При этом Шрила Прабхупада в лекции немедля дает пояснение про _Бхагавана_ в лекции, в устной речи, что это Кришна - настоящий _Бхагаван_. Mы знаем, что стиль ШП - это лучше еще раз повториться, но чтобы не было никаких недоразумений у учеников. А что в книгах? Читатели читают то, что читают. У них нет вашей цитаты из лекции. В книге таких пояснений/отступлений/сносок ШП не делает почему-то везде, где использует Lord. Странно, не правда ли. Отчего так? Далеко не везде англ. многозначное слово "Lord" у Прабхупады означает "Господь". Поэтому и пояснений нет. 

 Однако что думает русский читатель ШБ, видя многочисленные конструкции с Г*о*сподами? Что это весьма странно для монотеистической религии, коей объявляет себя Вайшнавизм. 

Шрила Прабхупада сказал: "иногда обращаются". Однако сейчас в ШБ "Lord" переводится (по отношению не к Кришне-Балараме-Чайтанье) как "Господь" очень и очень часто (за редкими исключениями). При этом не добавляет русское ББТ пояснение, что на самом-то деле Господь - это Господь Кришна, как немедля делает ШП в приведенной вами лекции. И это, I.M.H.O., вовсе не в духе Шрилы Прабхупады.

----------


## Raja Kumari dasi

Правильно "по отношению не к Кришне-Балараме или Шри Кришна Чайтанье".
Почему у нас всего 30 мин. на правку ?

----------


## Kasturika d.d.

> При этом Шрила Прабхупада в лекции немедля дает пояснение про Бхагавана, в устной речи, что это Кришна - настоящий Бхагаван. Mы знаем, что стиль ШП - это лучше еще раз повториться, но чтобы не было никаких недоразумений у учеников


Это очень хорошее дополнение, спасибо вам за него! Шрила Прабхупада расставляет важные акценты, это его забота и его стиль.
Насчет Бхагавана и Господа (Lordа), эти два слова как-то в сознании слились в одно понятие, вероятно, это не совсем правильно. Интересно, а Шрила Прабхупада как их описывает, кто-то вникал? Бхагаван - это обладающий всеми достояниями, богатствами, Прабхупада объясняет _бхага_ + _ват_ означает "Тот, кто обладает богатствами"., а Lord? 
"Господь - Верховная Личность" - такое определение есть в Шримад Бхагаватам.
Еще Господь - _ишвара_, повелитель,  в этом понимании Шива и Брахма тоже _ишвары_ в этом мире. Но Кришна - Верховный ишвара, в отличии от Шивы и Брахмы.

----------


## Raja Kumari dasi

> а Lord?


Это многозначное слово. Чтобы понять, какое значение имеется в виду в каждом конкретном случае, надо смотреть контекст, наличие определенного артикля, указывающего на единственного в своем роде, заглавная ли буква. 

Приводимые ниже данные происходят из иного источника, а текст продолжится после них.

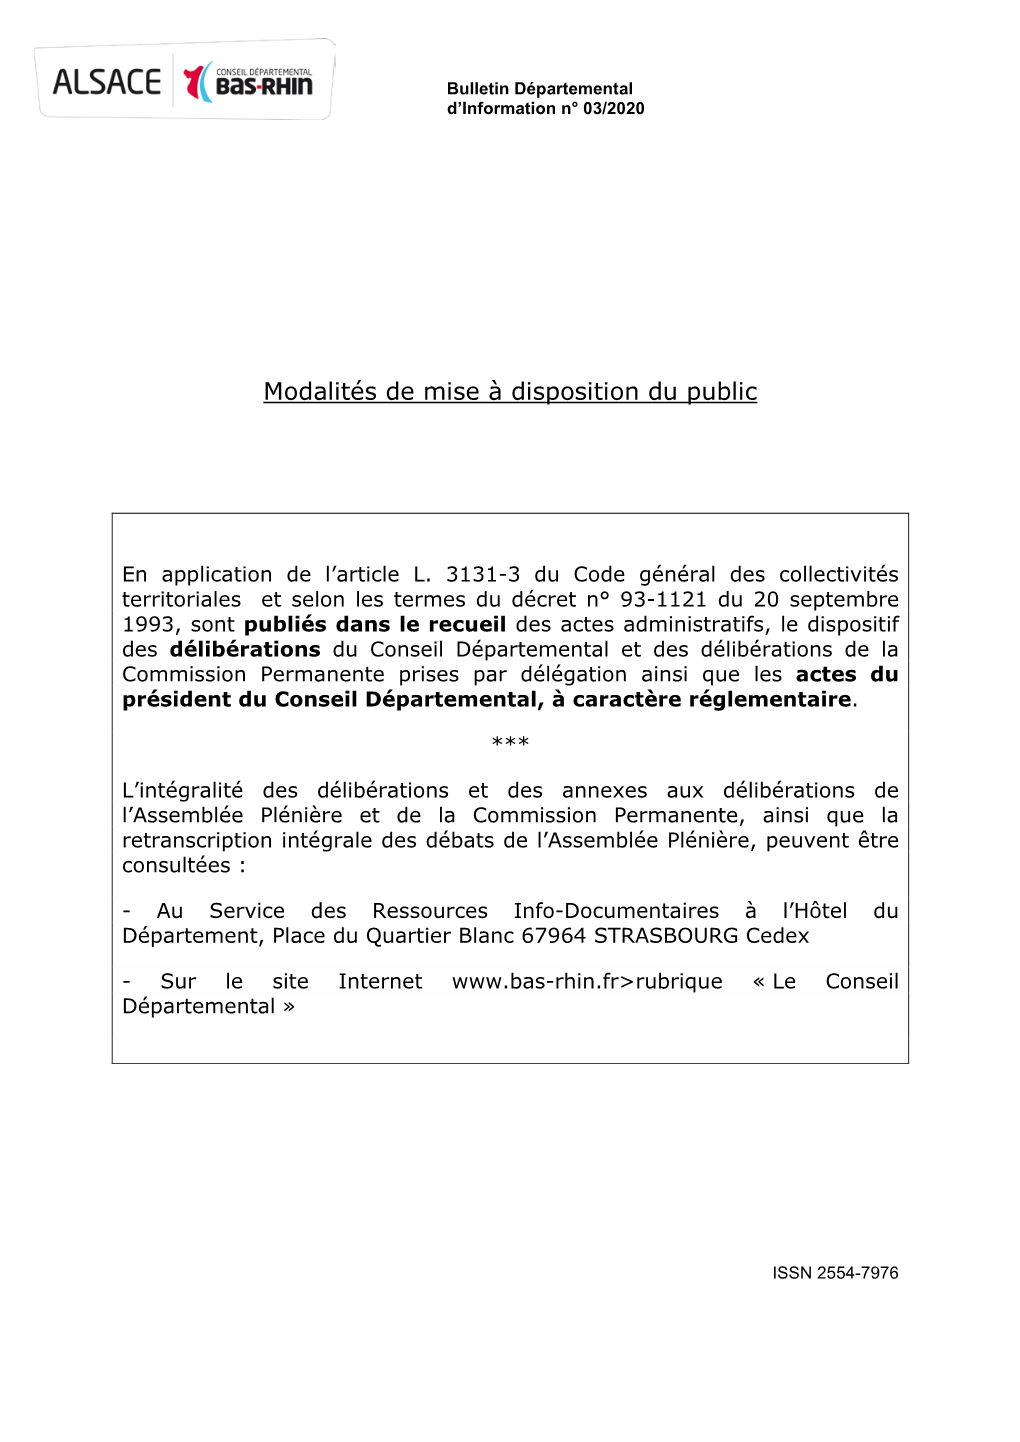 Bulletin Départemental D'information 03/2020

the Lord - это "Господь" : https://translate.google.ru/#en/ru/the%20lord

Lord - это "господин", "повелитель", "владыка"  и еще много всего : https://translate.google.ru/#en/ru/lord

Также см. статью на 2 стр. темы "God vs Lord" (что значат эти слова для англоговорящих) : 
http://www.forum.krishna.ru/showthre...l=1#post153381

В ней объясняется : "In a religious context, Lord is a title that is used for different gods and deities... Lord is one that rules over others... Lord is also related to Old English word ‘hlaford’ that means ruler or master.

Lord often refers to the almighty or the creator of the universe or the savior of mankind. Lord is one that rules over others. " 

Перевод: 

"В религиозном контексте Lord - это титул, используемый для разных богов и божеств... Lord - это тот, кто *правит* над другими... Lord соотносится со старо-английским словом ‘hlaford’, которое означает "*правитель, господин, владелец*(master)".

Часто Lord относится к Всемогущему, к Творцу вселенной или спасителю человечества. Lord - тот, кто *правит* над другими".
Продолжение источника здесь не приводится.